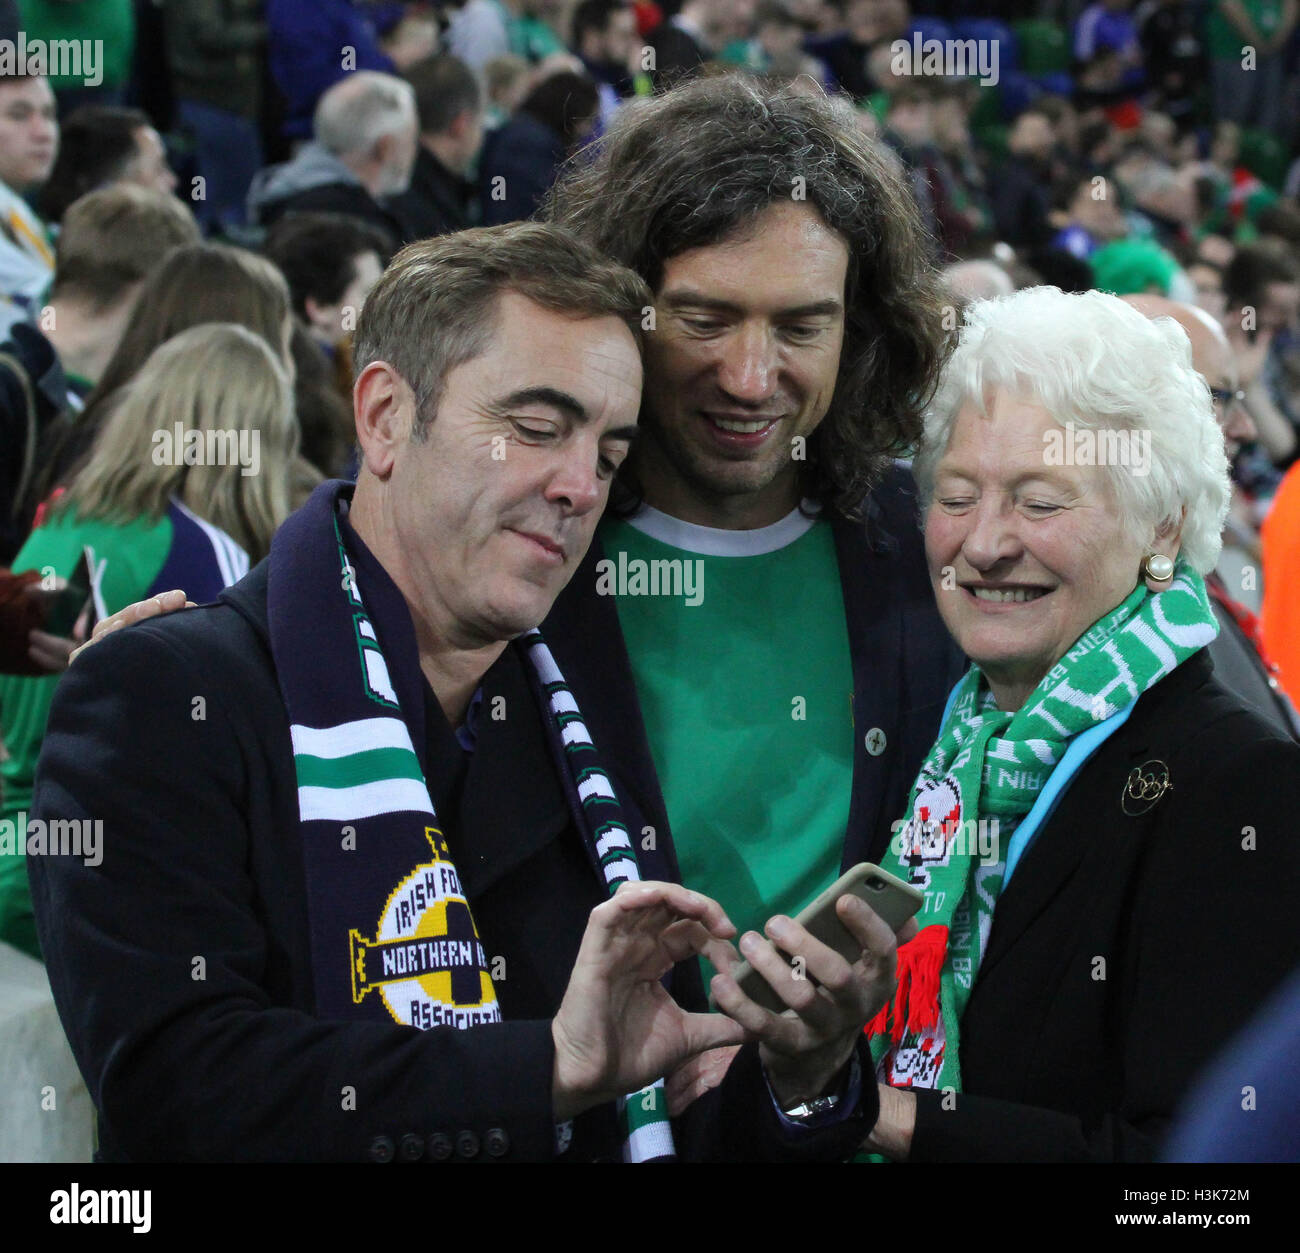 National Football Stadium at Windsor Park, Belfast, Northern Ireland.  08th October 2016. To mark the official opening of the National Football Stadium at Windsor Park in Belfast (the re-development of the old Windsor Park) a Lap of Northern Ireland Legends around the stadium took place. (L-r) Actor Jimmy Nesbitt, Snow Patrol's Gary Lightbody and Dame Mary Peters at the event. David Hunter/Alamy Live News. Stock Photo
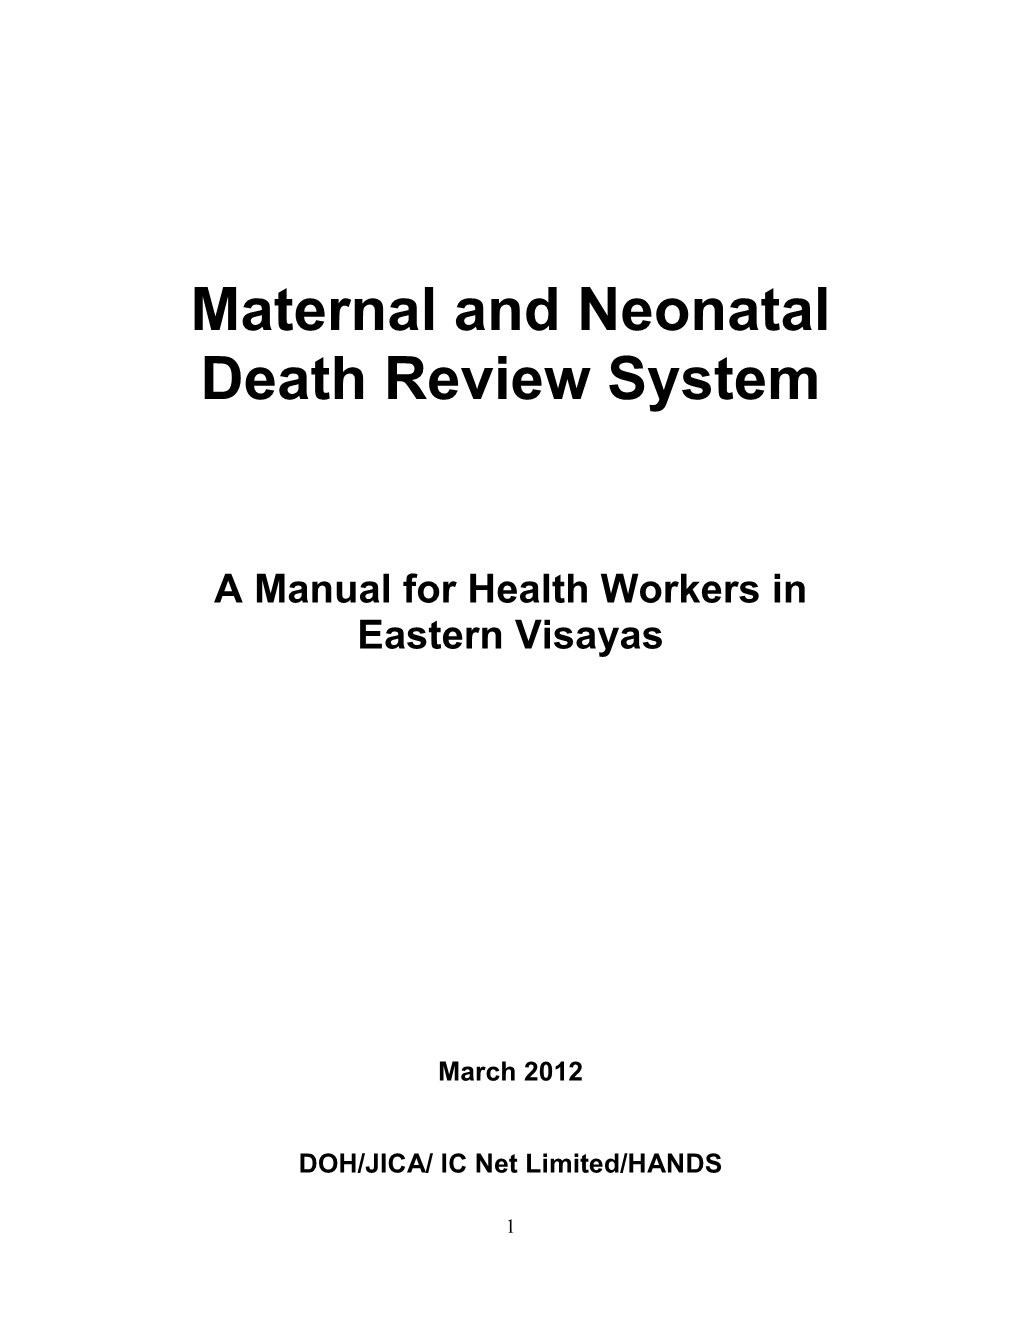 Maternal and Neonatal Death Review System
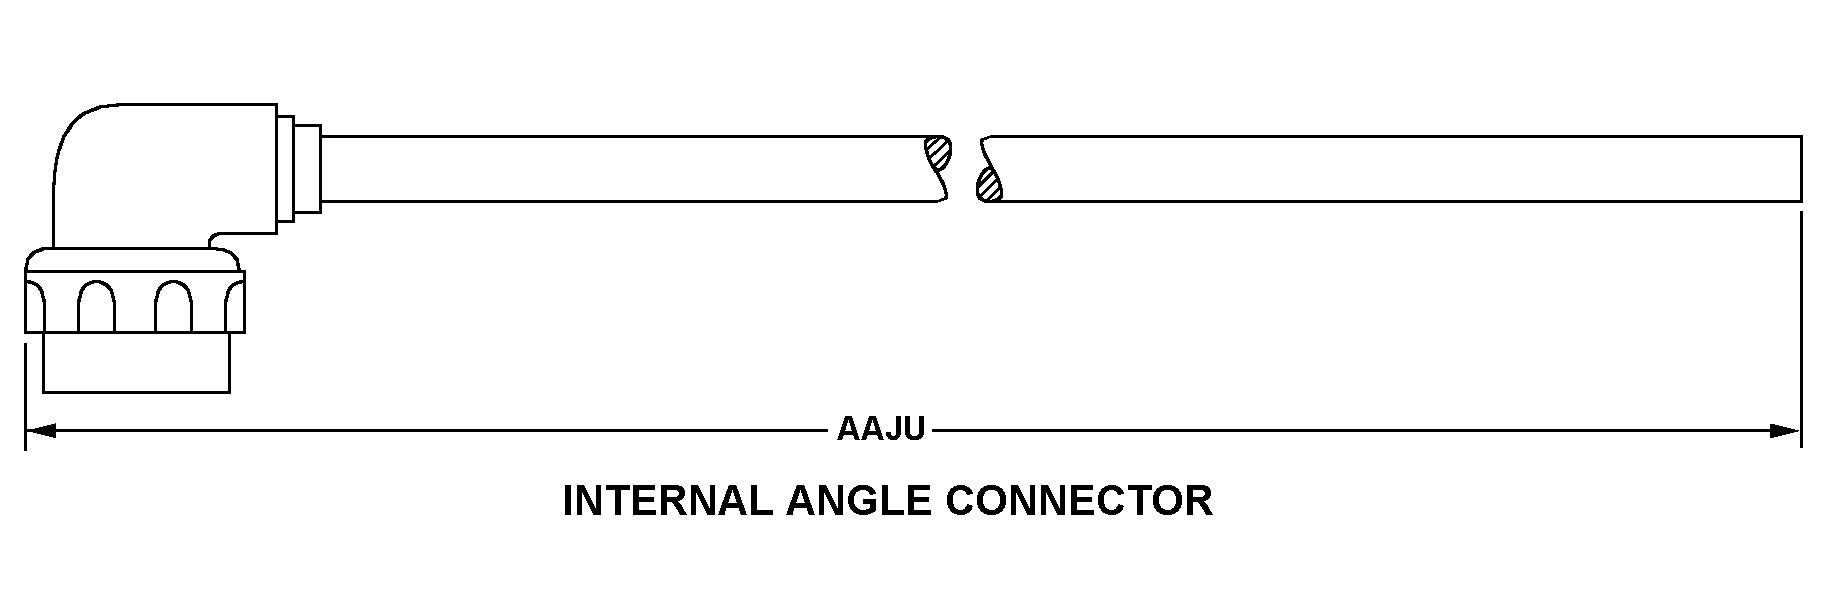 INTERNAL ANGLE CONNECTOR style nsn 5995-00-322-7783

**GOAL OF THE EXERCISE**
Where the data includes pictures, leave them out and write out everything else exactly.

**EXPECTED ANSWER**
 National Football Stadium at Windsor Park, Belfast, Northern Ireland.  08th October 2016. To mark the official opening of the National Football Stadium at Windsor Park in Belfast (the re-development of the old Windsor Park) a Lap of Northern Ireland Legends around the stadium took place. (L-r) Actor Jimmy Nesbitt, Snow Patrol's Gary Lightbody and Dame Mary Peters at the event. David Hunter/Alamy Live News. Stock Photo
 Maternal and Neonatal Death Review System
 INTERNAL ANGLE CONNECTOR style nsn 5995-00-322-7783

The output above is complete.